Stored data:
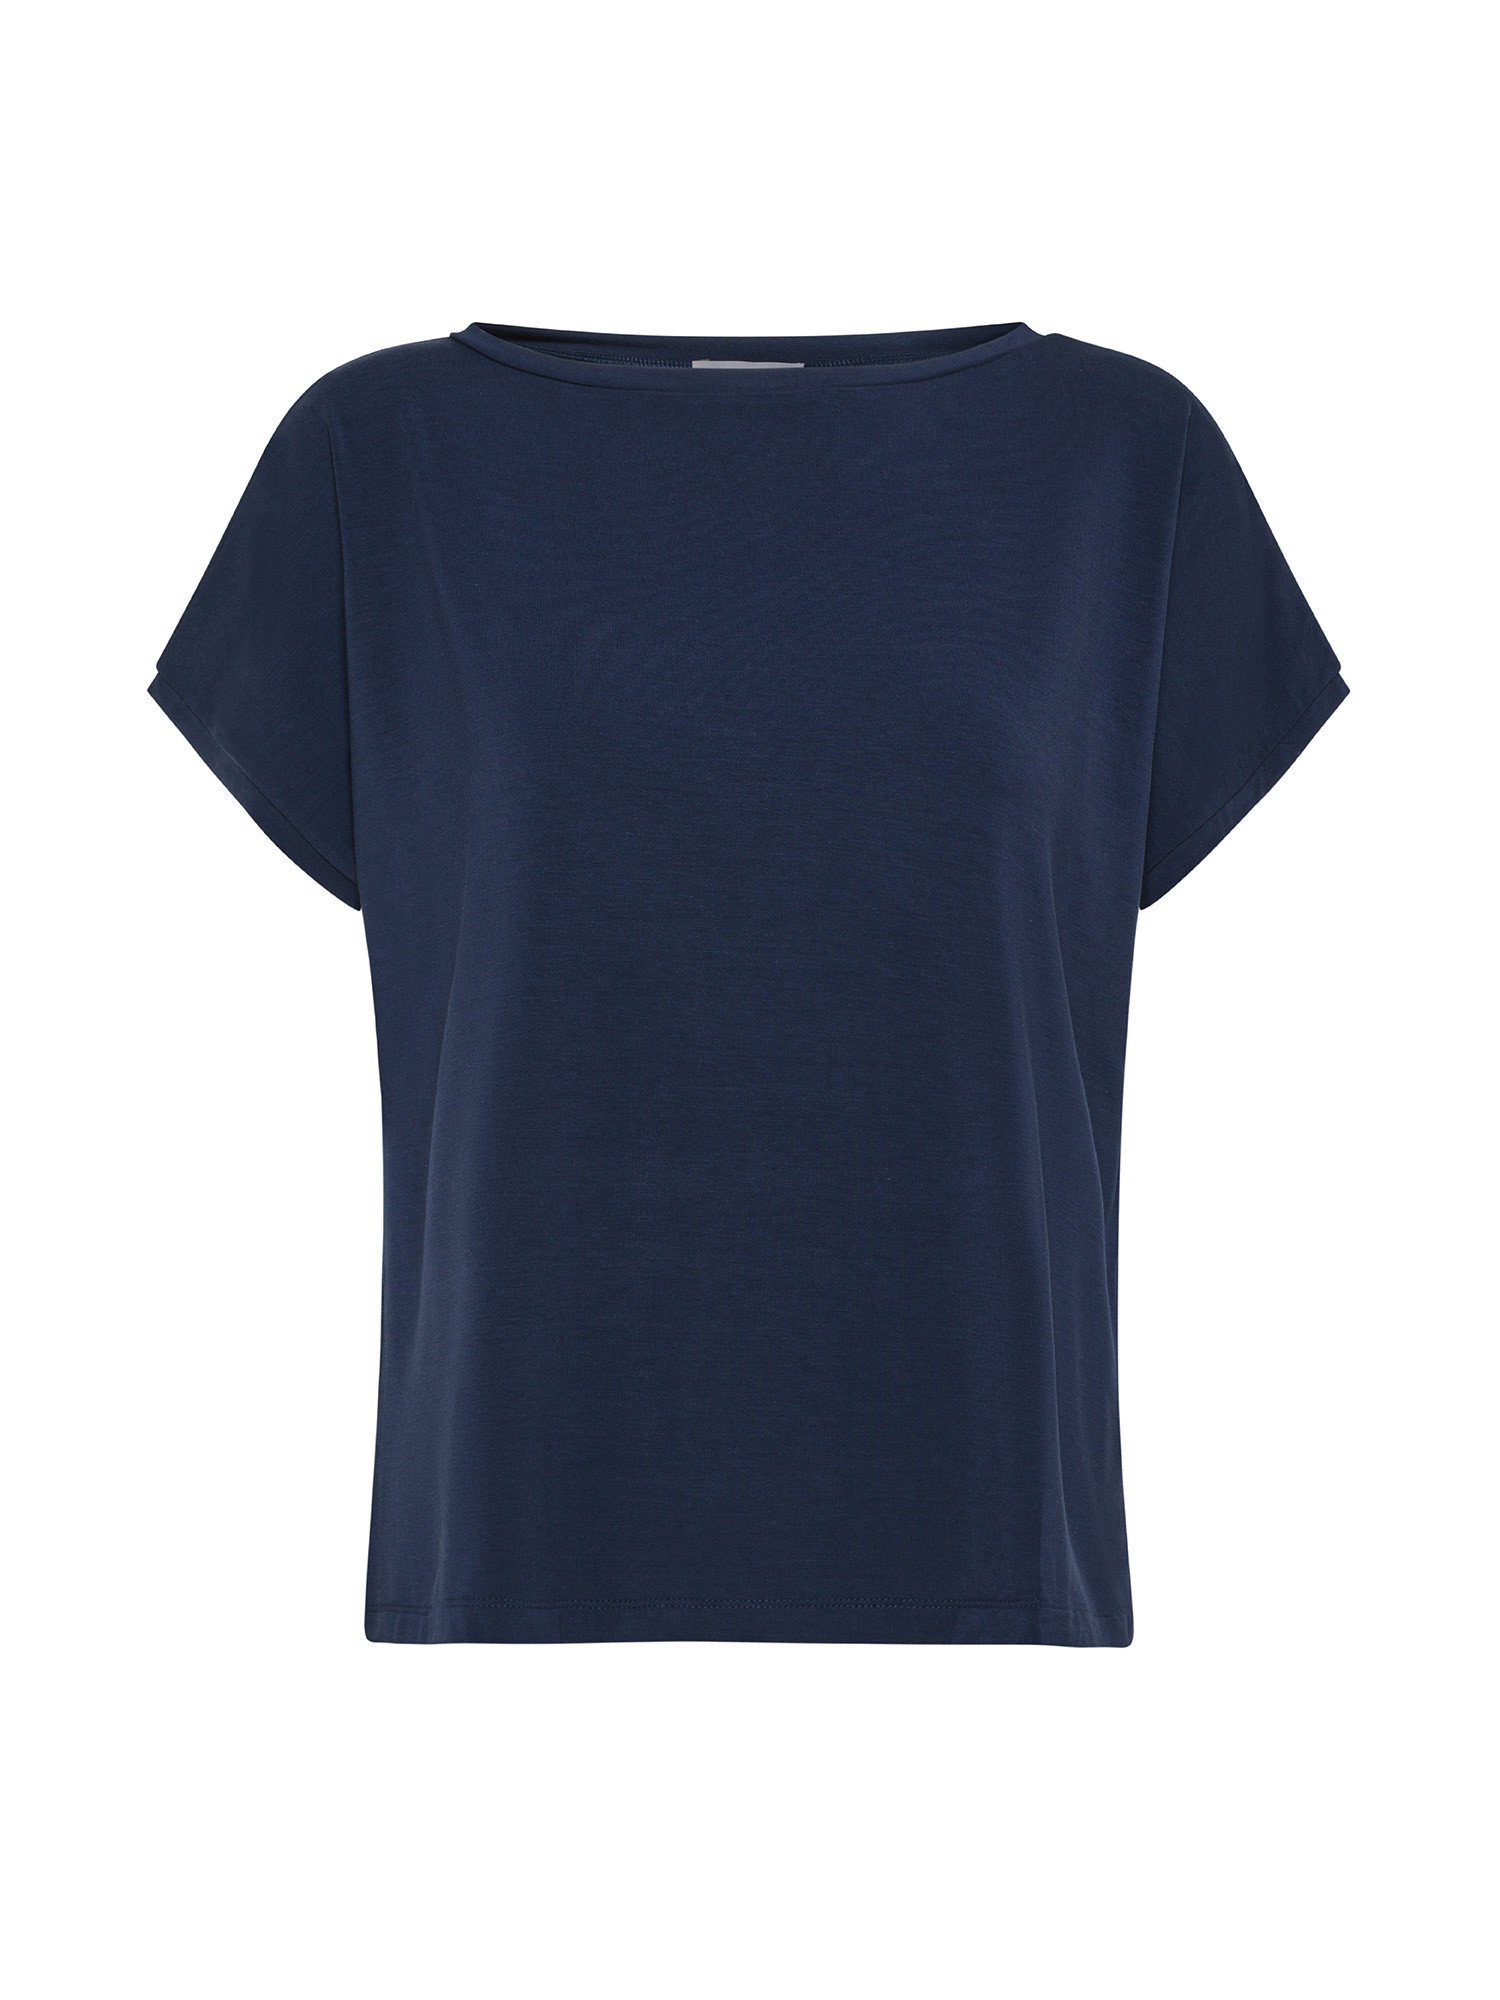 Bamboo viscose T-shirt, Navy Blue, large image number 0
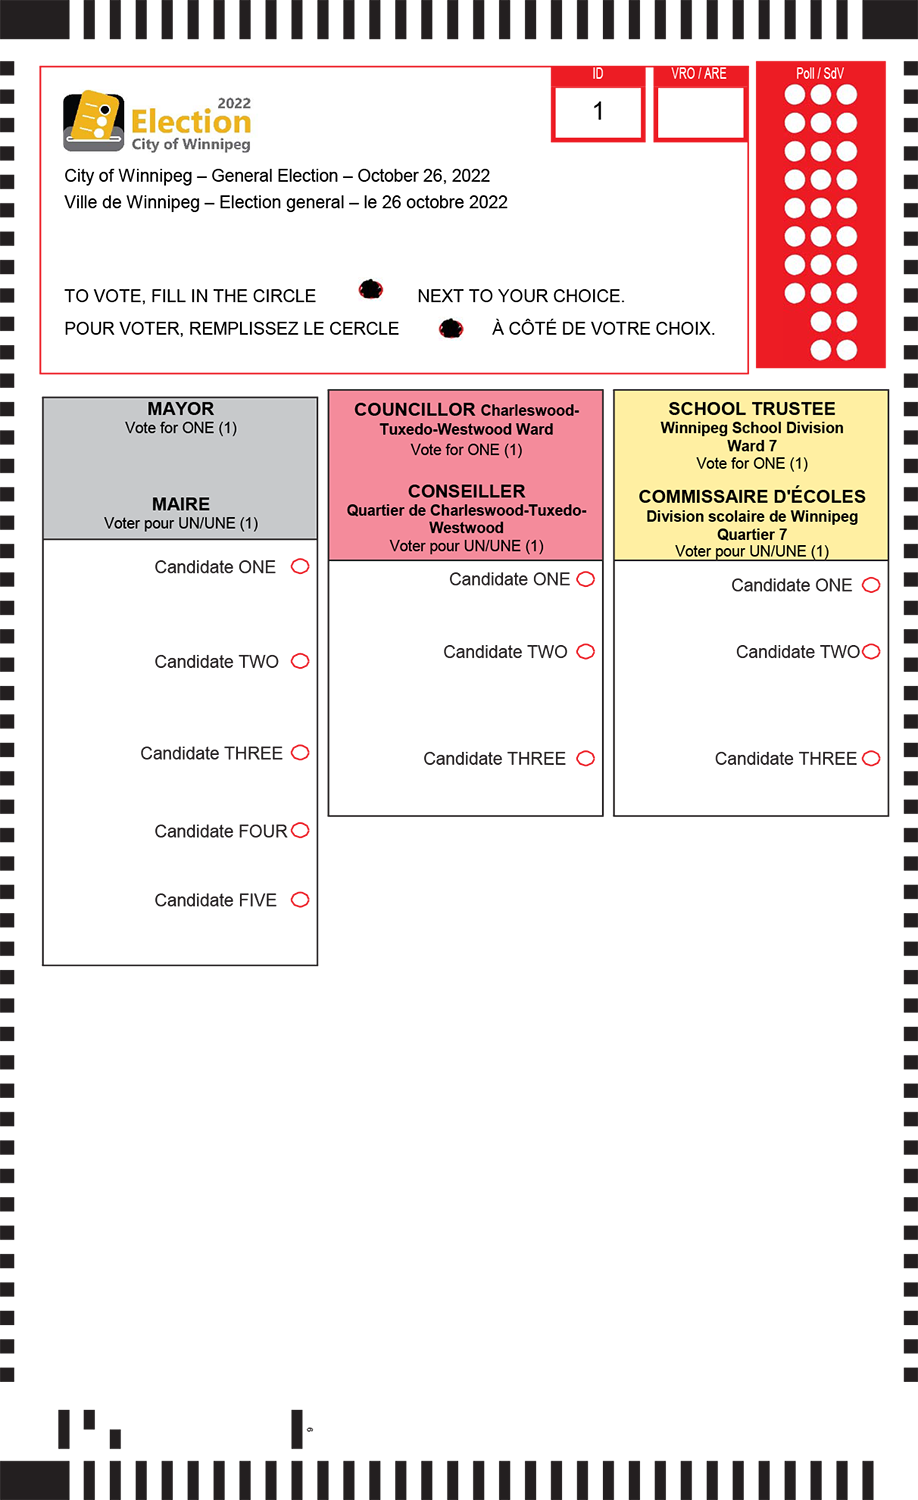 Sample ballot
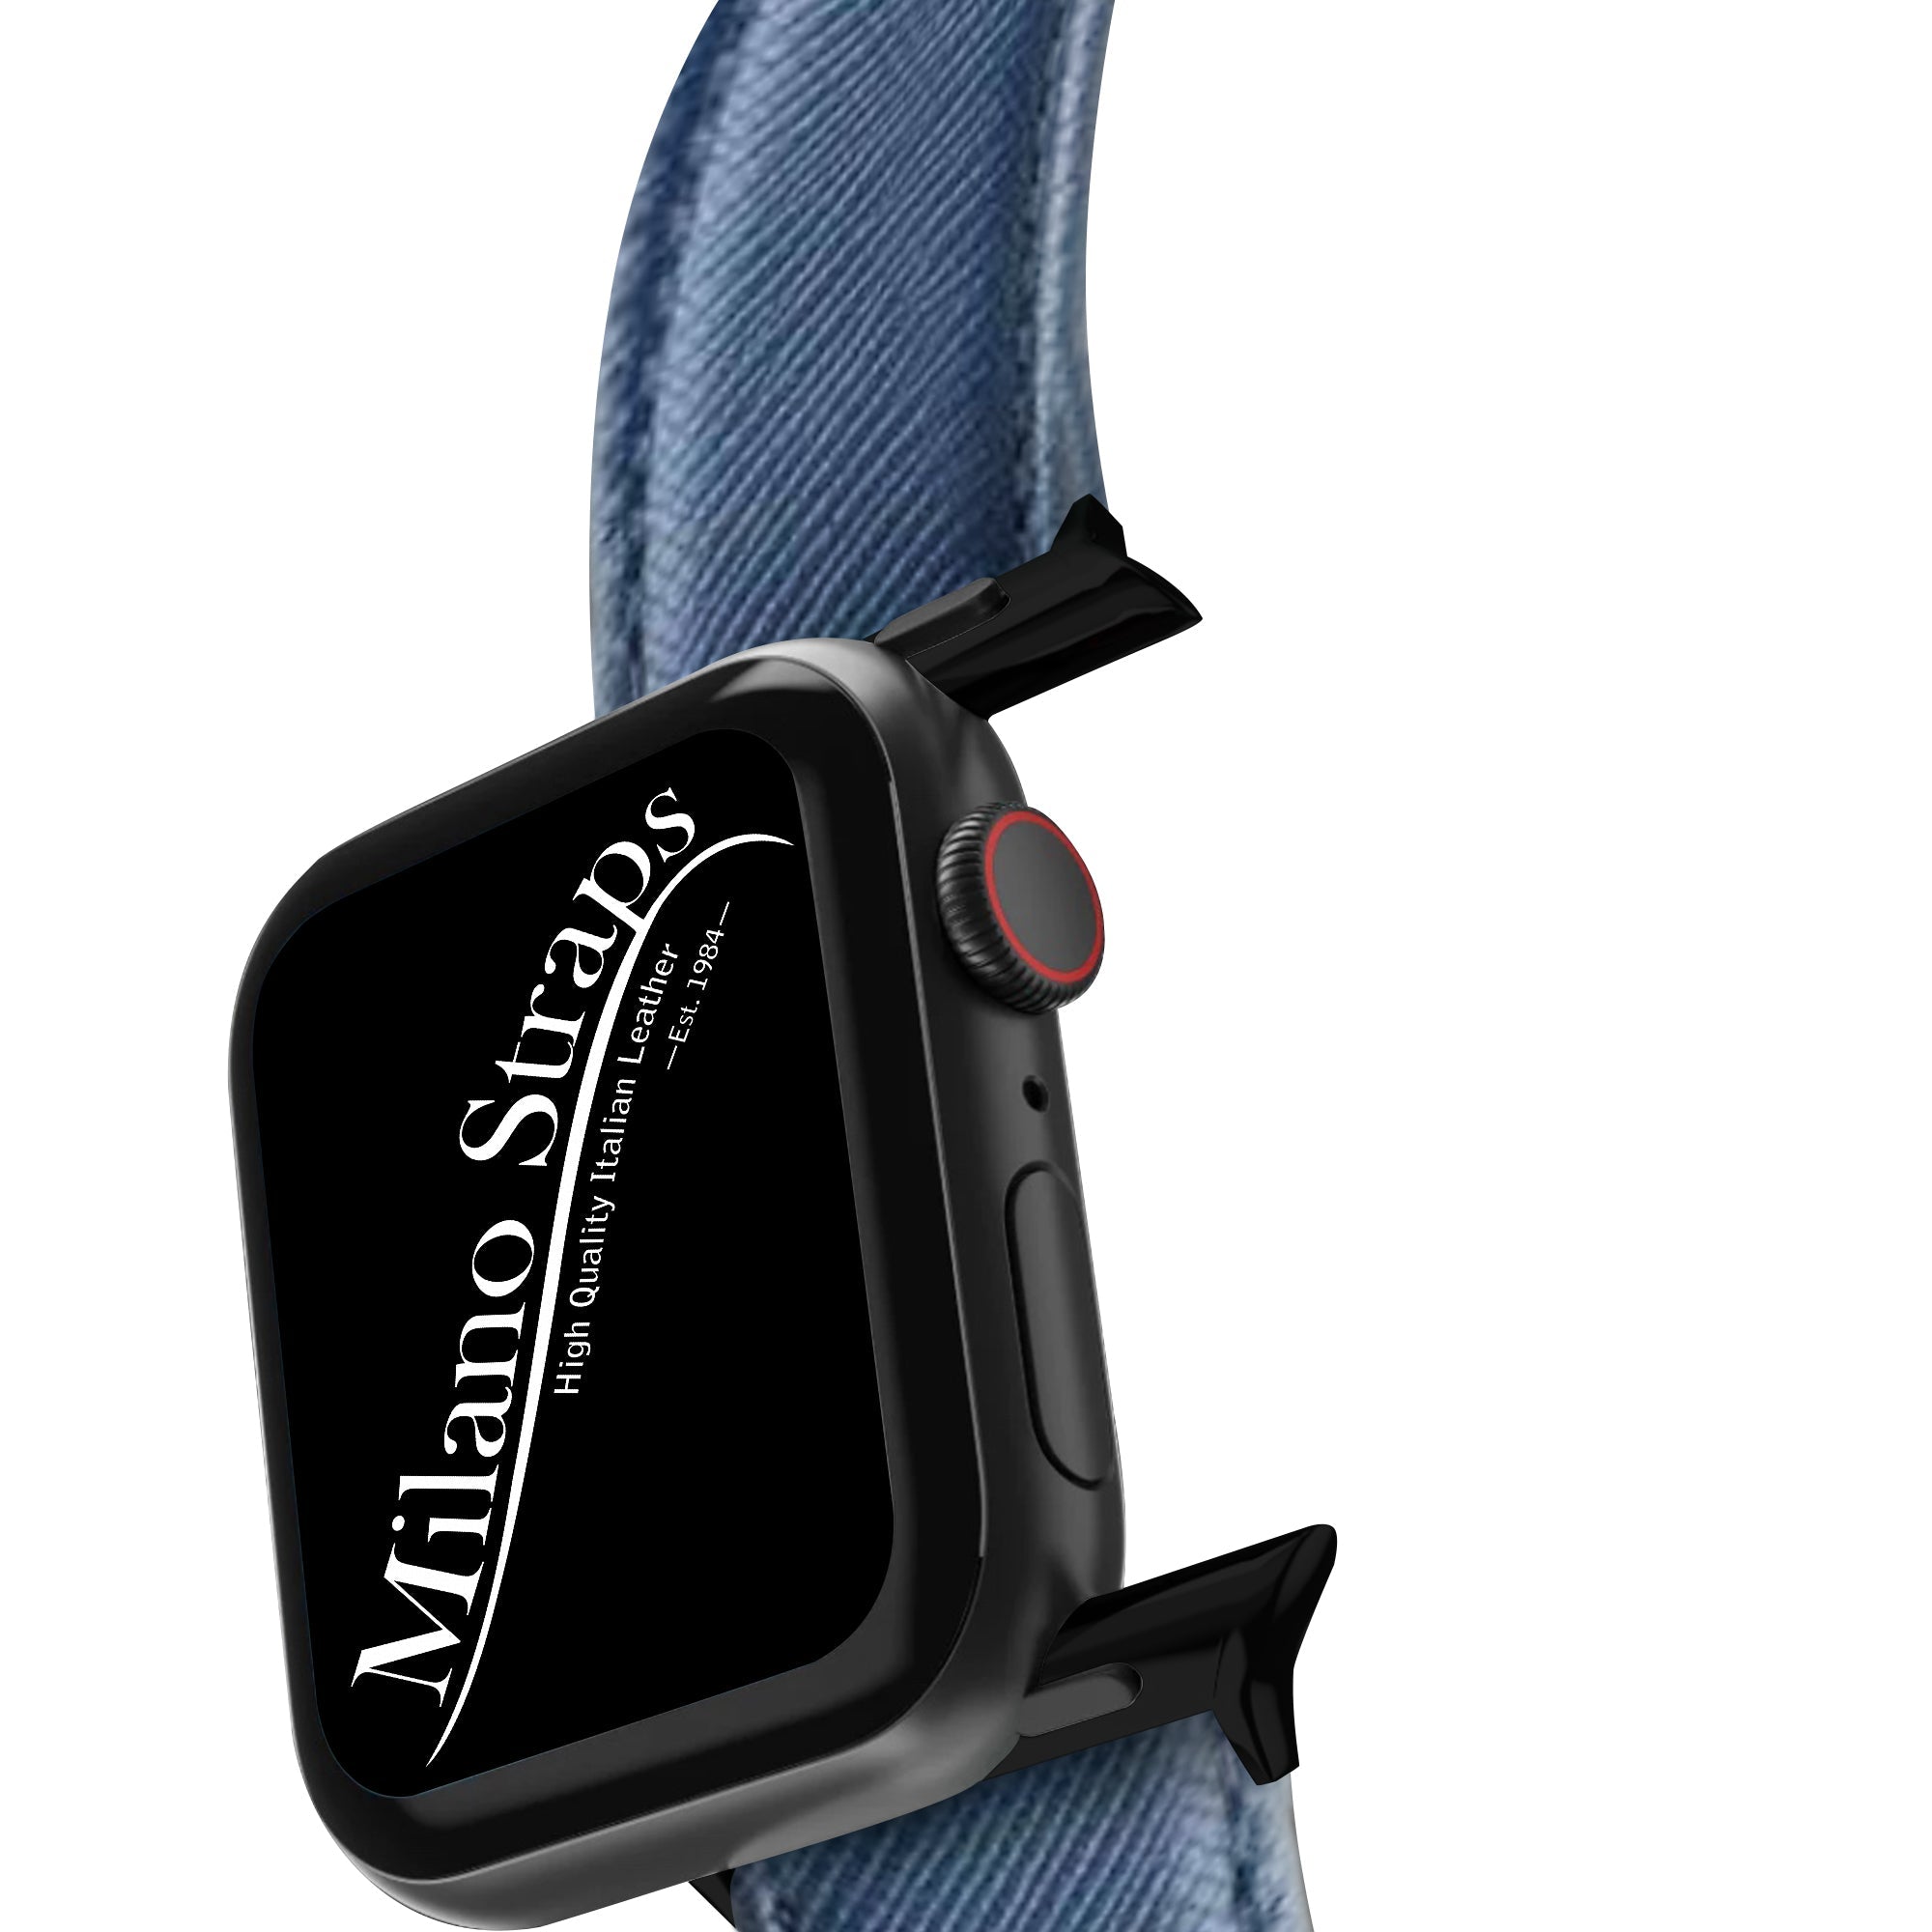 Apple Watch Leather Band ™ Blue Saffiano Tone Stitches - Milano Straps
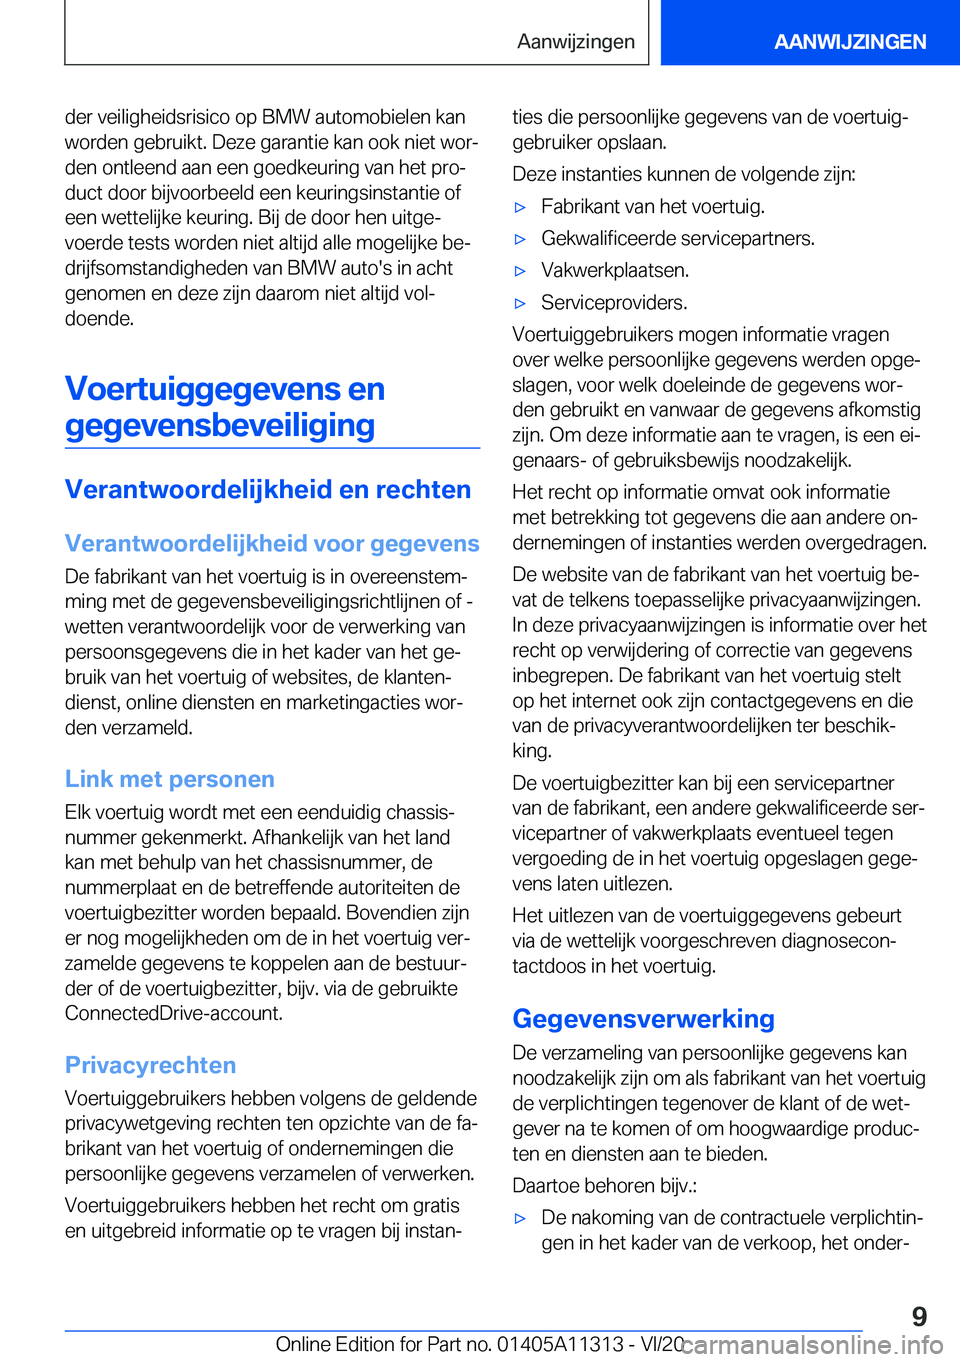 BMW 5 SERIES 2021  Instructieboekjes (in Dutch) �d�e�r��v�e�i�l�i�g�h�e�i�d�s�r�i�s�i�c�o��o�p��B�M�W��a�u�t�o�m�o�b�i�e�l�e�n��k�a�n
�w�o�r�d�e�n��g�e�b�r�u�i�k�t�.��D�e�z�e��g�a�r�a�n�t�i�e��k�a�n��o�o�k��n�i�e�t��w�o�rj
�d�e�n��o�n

**Exercise aim**: Without the pictures, write out every line above exactly as it appears.

**Exercise answer**:
 Bamboo viscose T-shirt, Navy Blue, large image number 0
 Sample ballot
 Apple Watch Leather Band ™ Blue Saffiano Tone Stitches - Milano Straps
 BMW 5 SERIES 2021  Instructieboekjes (in Dutch) �d�e�r��v�e�i�l�i�g�h�e�i�d�s�r�i�s�i�c�o��o�p��B�M�W��a�u�t�o�m�o�b�i�e�l�e�n��k�a�n
�w�o�r�d�e�n��g�e�b�r�u�i�k�t�.��D�e�z�e��g�a�r�a�n�t�i�e��k�a�n��o�o�k��n�i�e�t��w�o�rj
�d�e�n��o�n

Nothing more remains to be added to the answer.